▶ [Exercise requirements] Using the listing below, set down exactly the lines from the one that contains "Nice Halloween Art" through the one that contains "Buy Milano Adjustable", with no pictures.

Exercise data below:

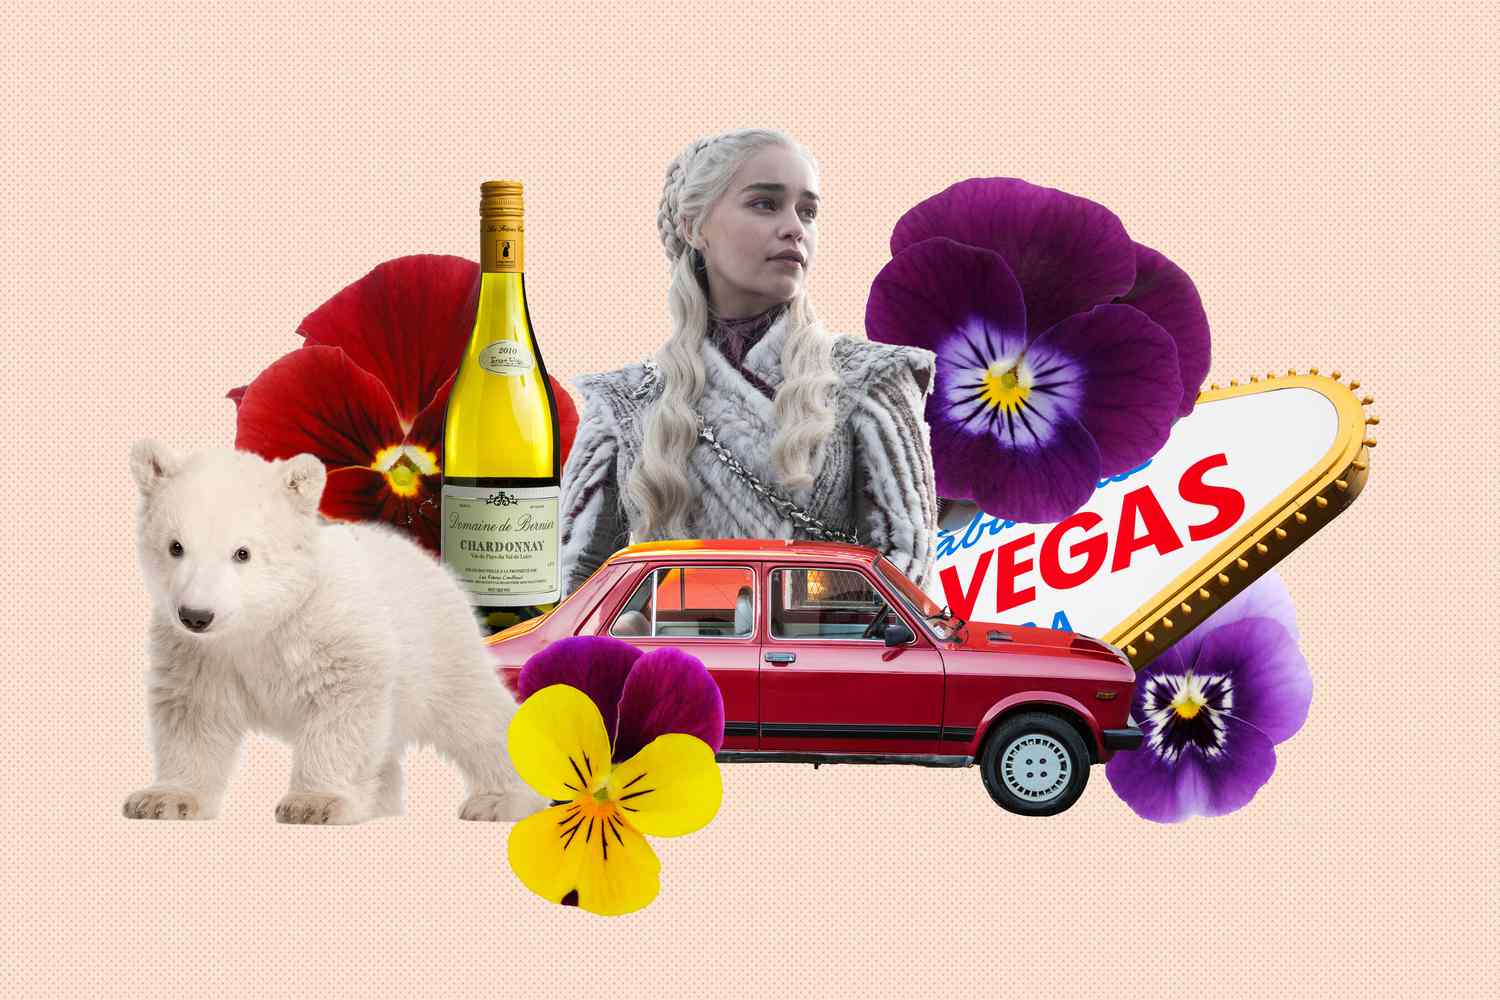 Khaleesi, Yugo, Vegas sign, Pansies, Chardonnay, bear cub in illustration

End of Exercise data.
Exercise data below:

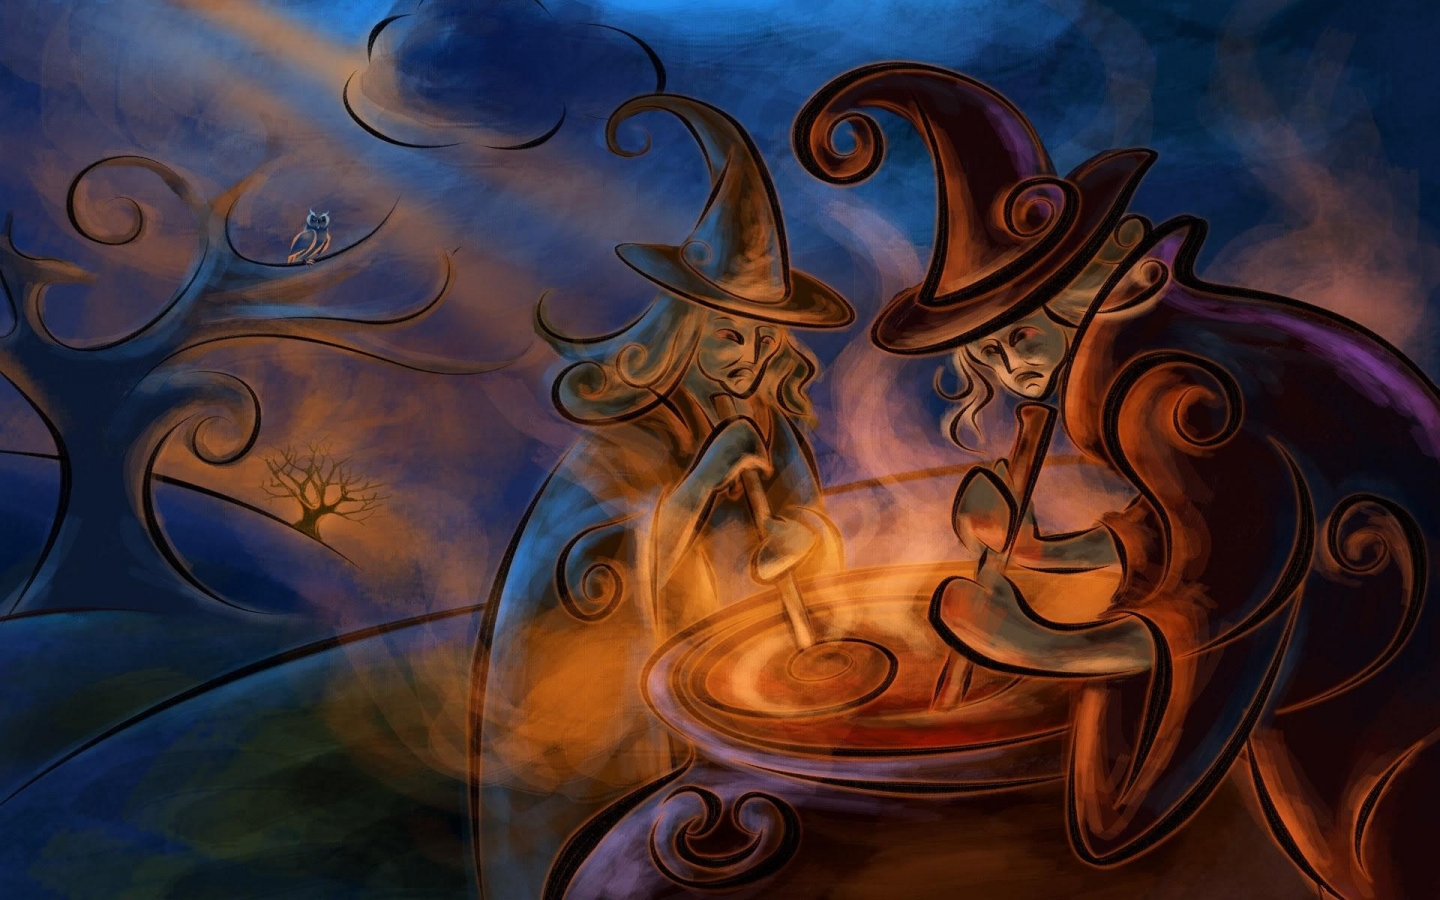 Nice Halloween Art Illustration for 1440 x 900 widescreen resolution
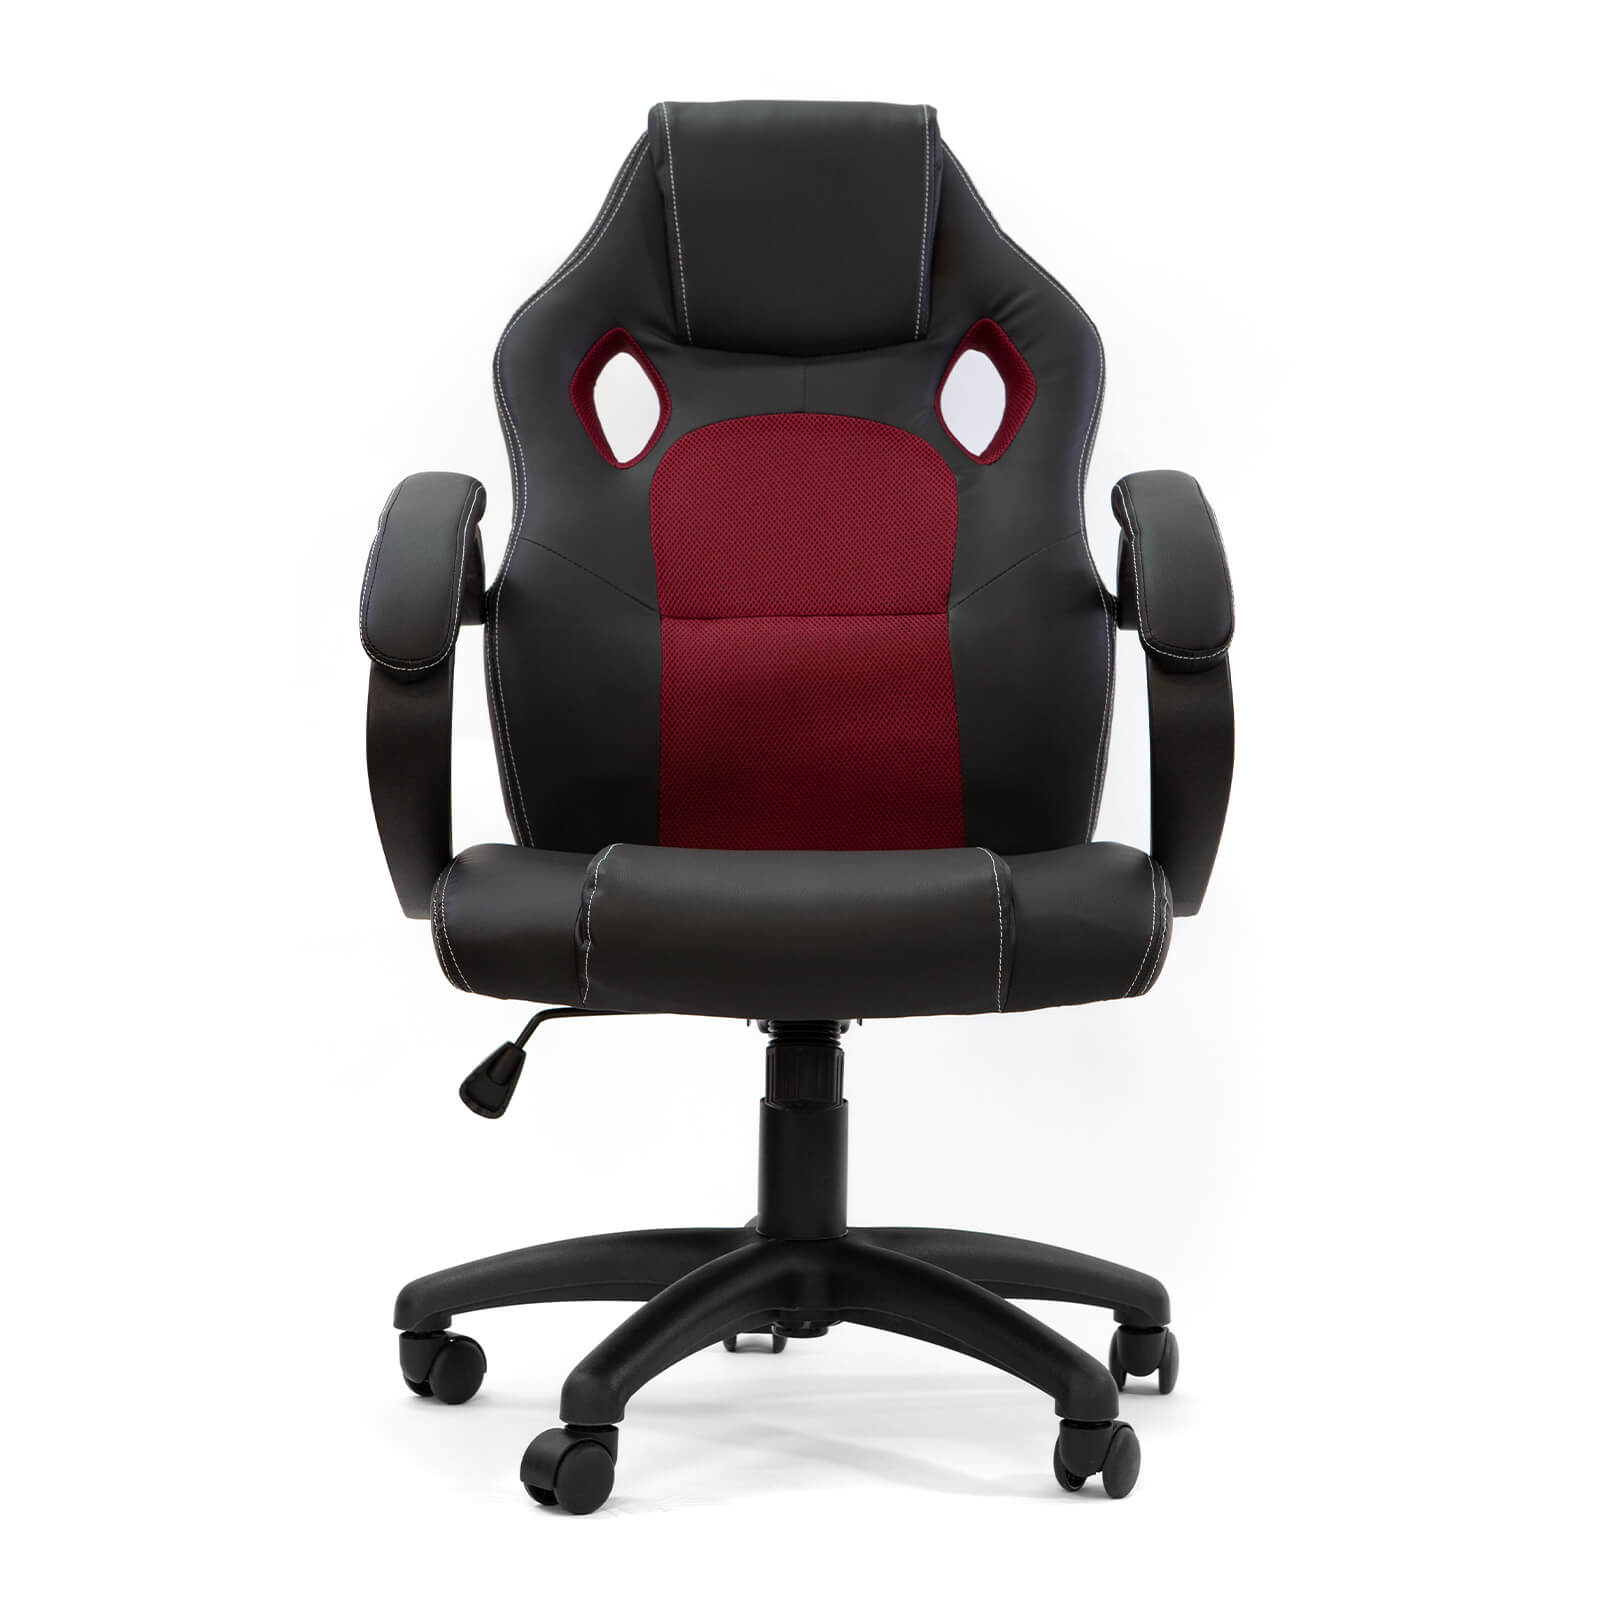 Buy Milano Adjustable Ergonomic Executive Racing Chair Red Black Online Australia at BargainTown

End of Exercise data.
Exercise data below:

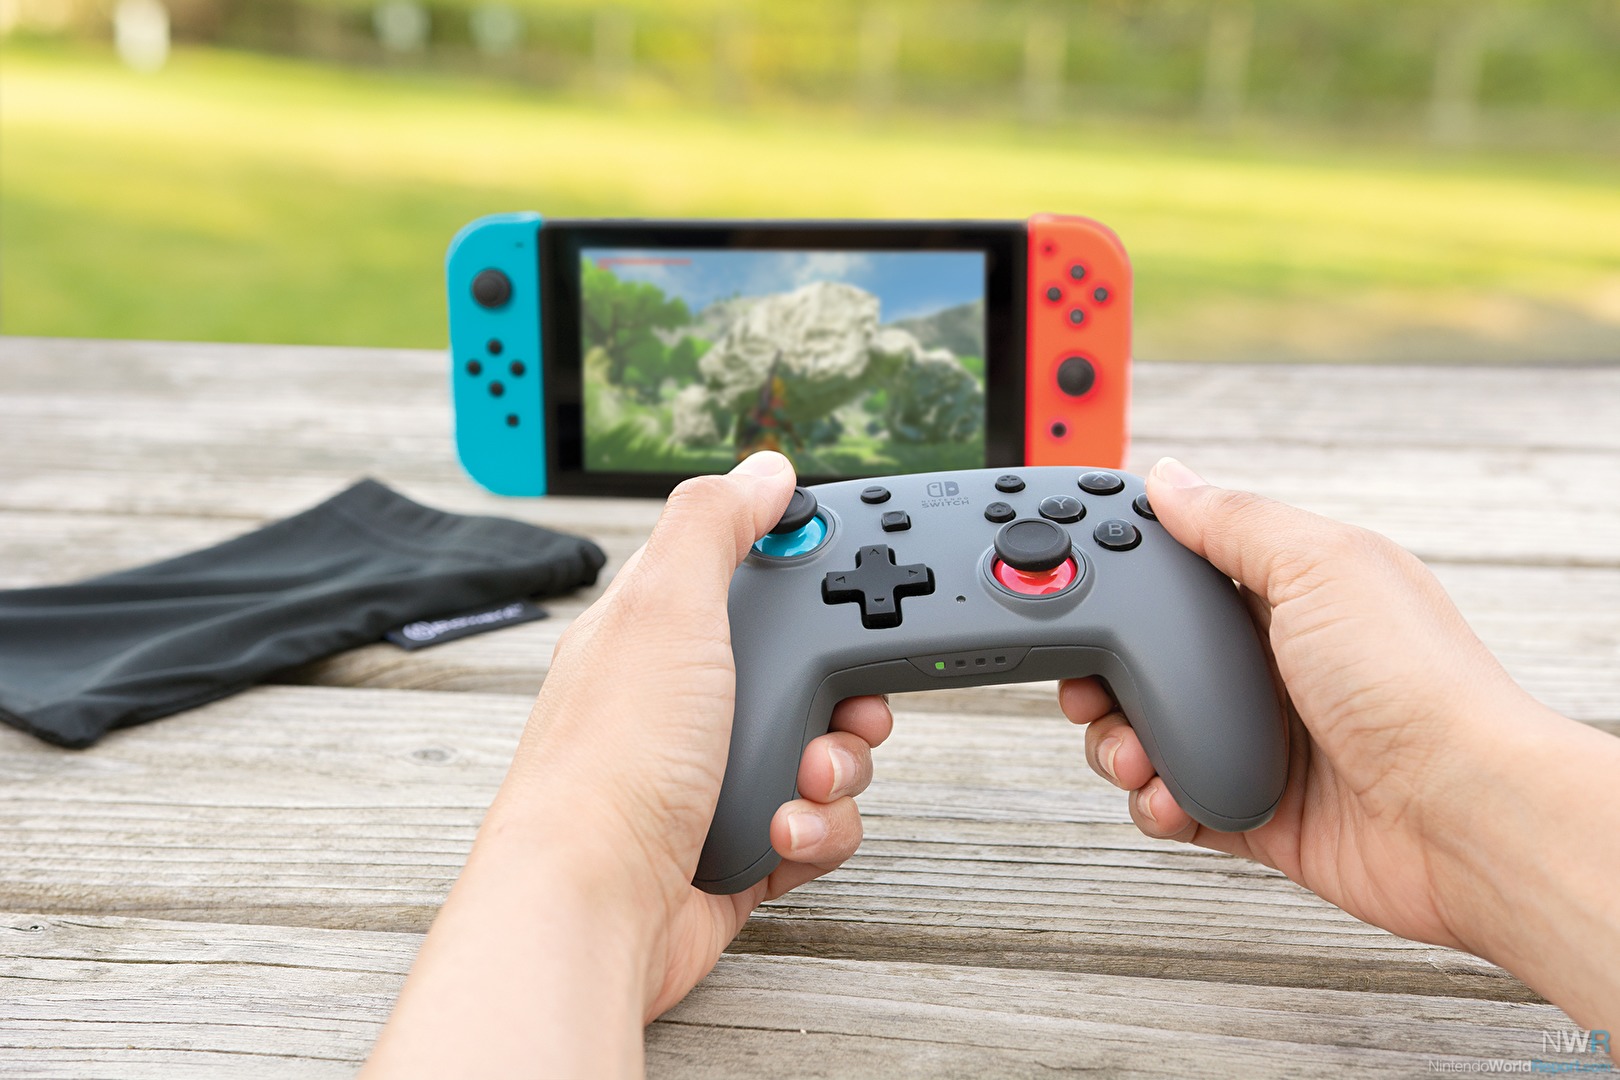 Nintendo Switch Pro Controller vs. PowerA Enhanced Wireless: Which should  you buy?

End of Exercise data.

▶ [Exercise solution]
 Nice Halloween Art Illustration for 1440 x 900 widescreen resolution
 Buy Milano Adjustable Ergonomic Executive Racing Chair Red Black Online Australia at BargainTown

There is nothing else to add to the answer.